Author + information
- Received January 18, 2012
- Revision received April 4, 2012
- Accepted April 12, 2012
- Published online July 24, 2012.
- Søren Lindberg, MD⁎,
- Sune H. Pedersen, MD, PhD⁎,
- Rasmus Mogelvang, MD, PhD⁎,
- Jan Skov Jensen, MD, PhD, DMSc⁎,†,
- Allan Flyvbjerg, MD, DMSc‡,§,
- Søren Galatius, MD, DMSc⁎ and
- Nils E. Magnusson, PhD‡,§,⁎ ()
- ↵⁎Reprint requests and correspondence:
Dr.
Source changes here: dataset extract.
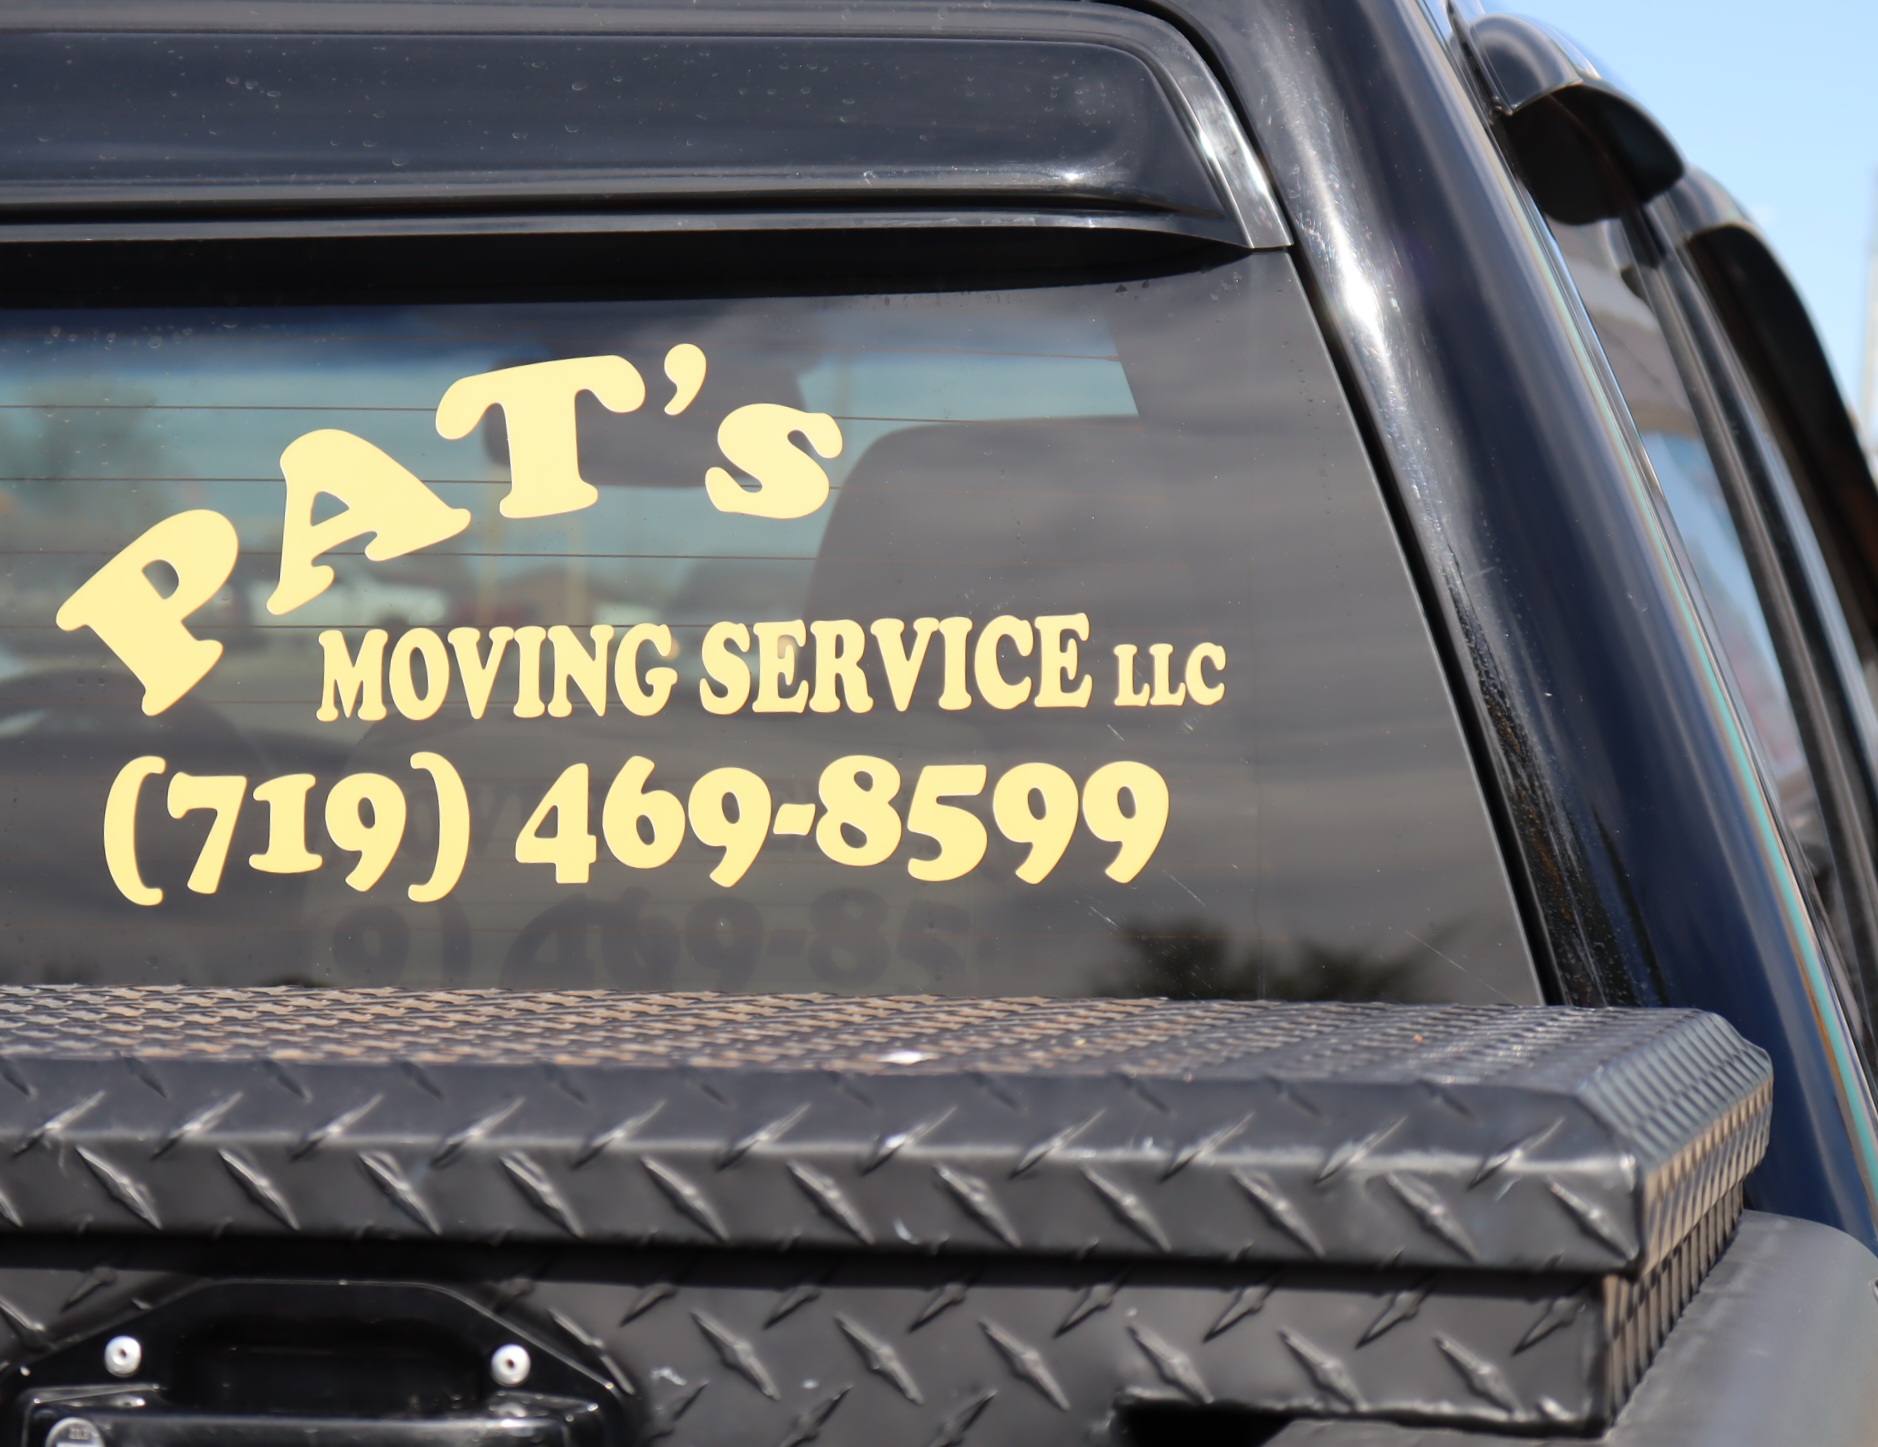 Pat's Moving Service SECO News seconews.org

Nils E. Magnusson, Department of Endocrinology and Internal Medicine, Aarhus University Hospital, Medical Research Laboratories, Department of Clinical Medicine, Faculty of Health Sciences, Aarhus University, Aarhus 8000, Denmark
Objectives The aim of this study was to investigate the prognostic role of neutrophil gelatinase–associated lipocalin (NGAL) in a large population of patients with ST-segment elevation myocardial infarction.
Background NGAL is a glycoprotein released by damaged renal tubular cells and is a sensitive maker of both clinical and subclinical acute kidney injury. New data have demonstrated that NGAL is also stored in granules of mature neutrophils, and recent data suggest that NGAL may also be involved in the development of atherosclerosis. NGAL is significantly increased in patients with myocardial infarction compared with patients with stable coronary artery disease and healthy subjects. However, the prognostic value of NGAL has never been studied in patients with myocardial infarction.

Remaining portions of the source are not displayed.